In certain embodiments, the method further comprises preparing a library before or after enriching the molecule that includes the target.

In certain embodiments, the method includes a wash step.

In certain embodiments, the method further comprises amplifying the nucleic acid molecule. In certain embodiments, the amplification occurs while the nucleic acid is in contact with the capture domain. In certain embodiments, the method further comprises sequencing the enriched molecule. In certain embodiments, the method further comprises separating the nucleic acid molecule from the capture domain. In certain embodiments, the separating step comprises heat elution off of the capture domain. In certain embodiments, the method further comprises amplifying the nucleic acid after separation of the nucleic acid from the capture domain.

In certain embodiments, the method further comprises an additional enrichment step. In certain embodiments, the target sequence comprises a plurality of target sequences, and the enrichment step enriches a subset of the target sequences. In certain embodiments, the additional enrichment step comprises hybrid capture. In certain embodiments, the additional enrichment step comprises using a nucleic acid binding protein.

In another aspect, the disclosure relates to a method of producing a nucleic acid library enriched for regions of interest. The method includes cutting a plurality of nucleic acid molecules comprising regions of interest to generate single stranded overhangs at cut ends of the molecules that include the regions of interest; filling in each overhang with a least one labeled nucleotide; and enriching the molecules that include the regions of interest by contacting the labeled nucleotides in the molecule with capture domains.

In certain embodiments, the cutting step is performed by a nuclease. In certain embodiments, the nuclease is a CRISPR-Cas nuclease. In certain embodiments, the nuclease is a type II CRISPR-Cas nuclease. In certain embodiments, the nuclease is a Cas9 nuclease. In certain embodiments, the nuclease is a type V CRISPR-Cas nuclease. In certain embodiments, the nuclease is a Cas12 nuclease. In certain embodiments, the nuclease is a Cas12a/Cpf1 nuclease. In certain embodiments, the nuclease is a MAD7 nuclease. In certain embodiments, the nuclease is a CasX nuclease. In certain embodiments, the nuclease is associated with a guide RNA (gRNA) comprising a spacer sequence, wherein the spacer sequence binds to the nucleic acid molecules that include the regions of interest.

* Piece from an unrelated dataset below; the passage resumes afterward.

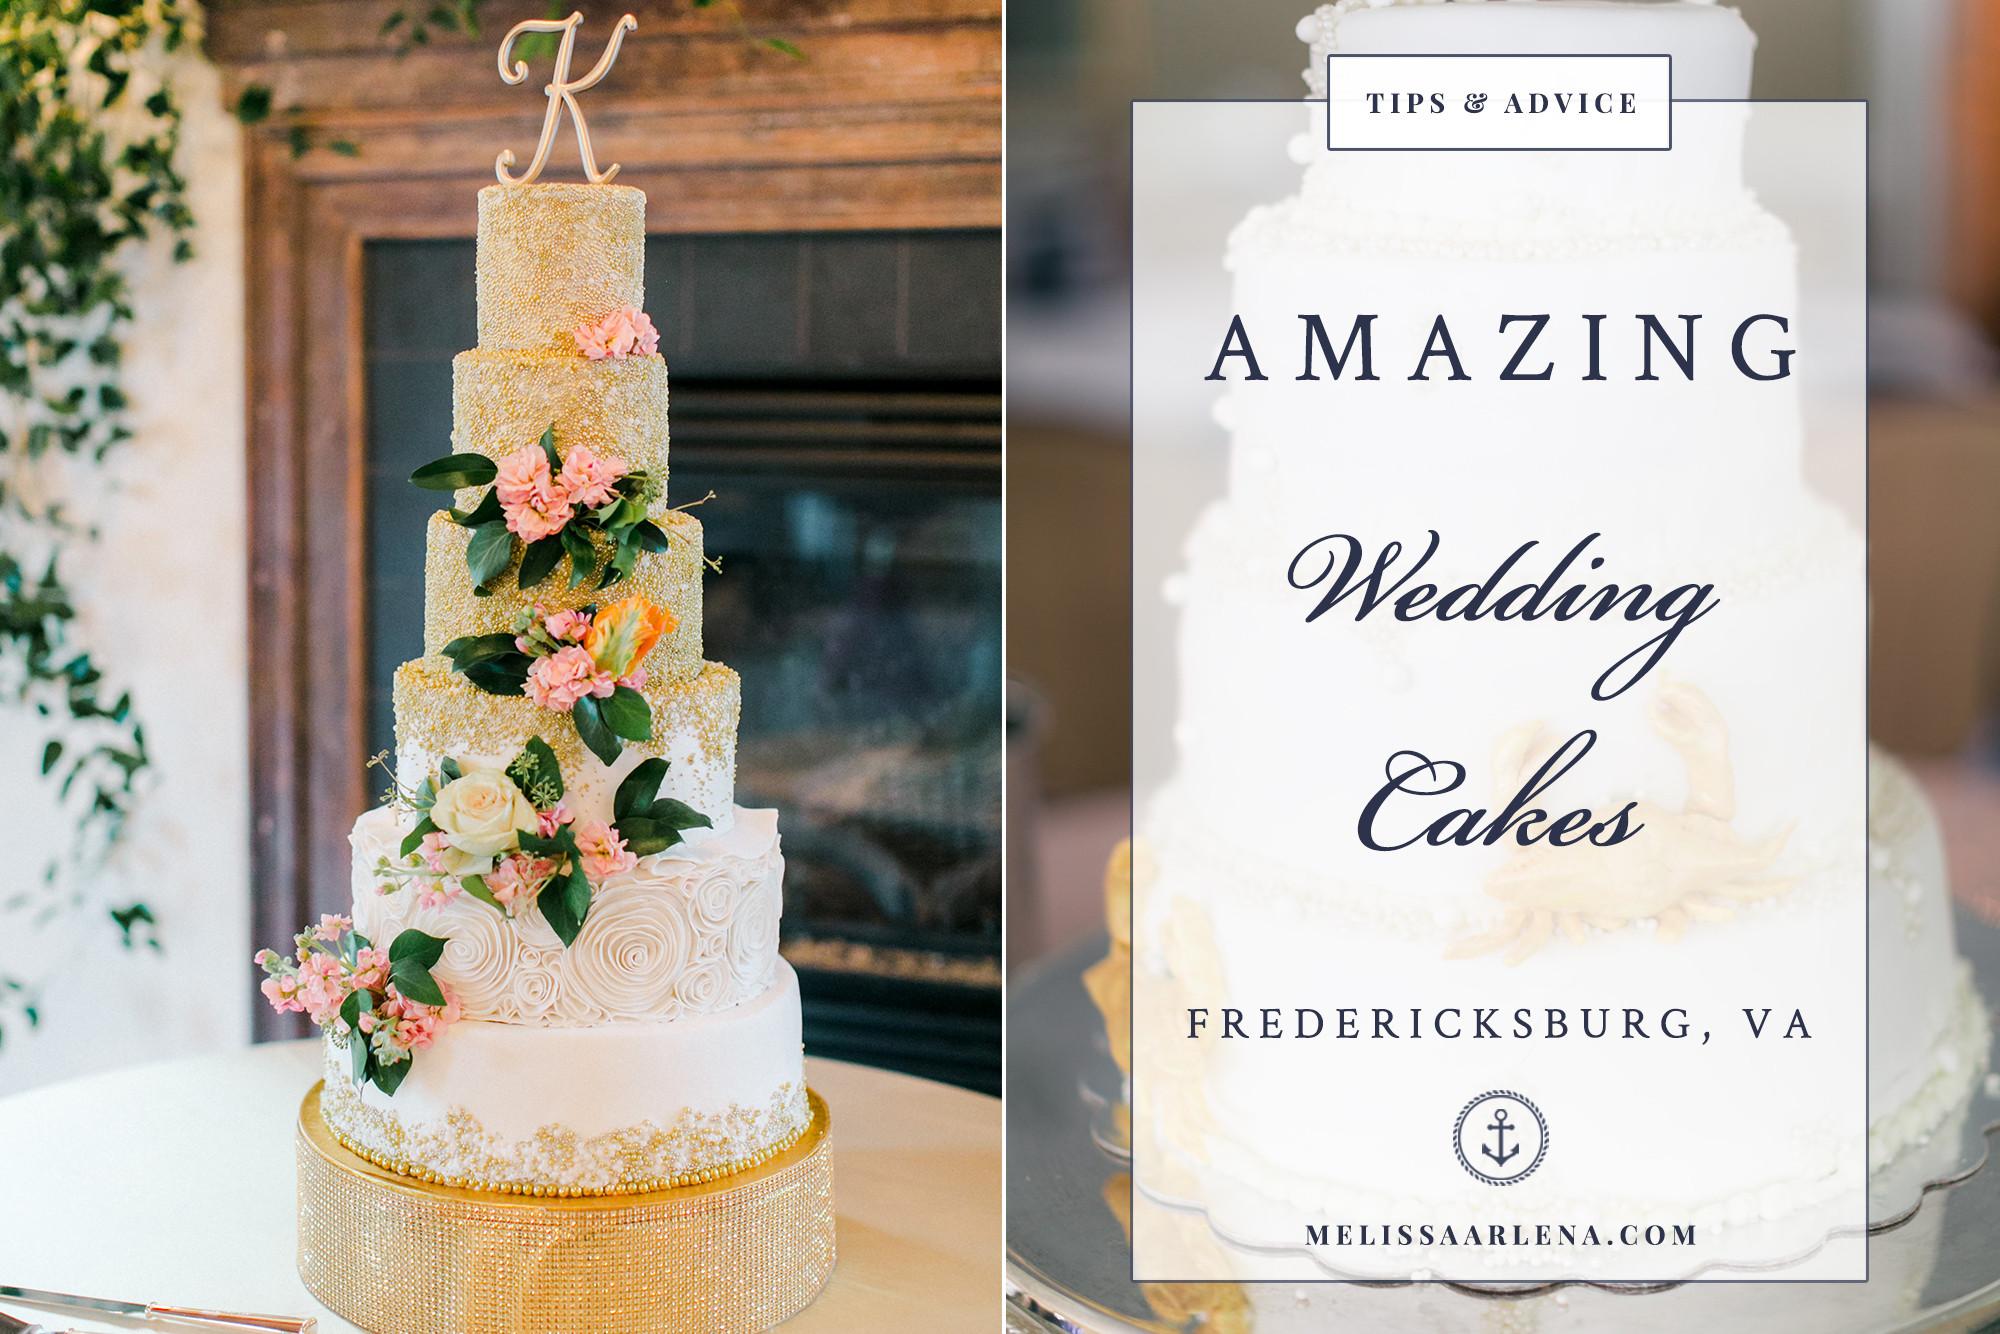 Wedding Cakes Fredericksburg Va  Amazing Wedding Cakes Fredericksburg Va

In certain embodiments, the cutting step is performed at room temperature.

In certain embodiments, the overhangs are filled in using a DNA polymerase. In certain embodiments, the DNA polymerase is DNA polymerase I. In certain embodiments, the DNA polymerase I consists of the Klenow fragment.

In certain embodiments, the label comprises biotin, digoxigenin, or a fluorophore. In certain embodiments, the capture domains comprise or are connected to solid supports. In certain embodiments, the solid supports are beads, wells, tubes, or slides. In certain embodiments, the capture domains comprise streptavidin connected to beads. In certain embodiments, the method further comprises amplifying the nucleic acid molecules. In certain embodiments, the amplifying is performed with primers that comprise adapters to facilitate sequencing of the nucleic acid molecules.

In certain embodiments, the nucleic acid molecule was obtained from a nucleic acid sample from a subject. In certain embodiments, the nucleic acid sample is a plasma sample. In certain embodiments, the plasma sample is used directly in the nucleic acid enrichment method without prior enrichment or purification of the nucleic acid.

In certain embodiments, the nucleic acid sample comprises cell free DNA (cfDNA). In certain embodiments, cytosines in the cfDNA have been converted to uracils. In certain embodiments, the cfDNA has been treated with bisulfite. In certain embodiments, the method further comprises the step of converting methylated cytosines to uracils.

In certain embodiments, the method further comprises a wash step to remove nucleic acid molecules that do not include the regions of interest.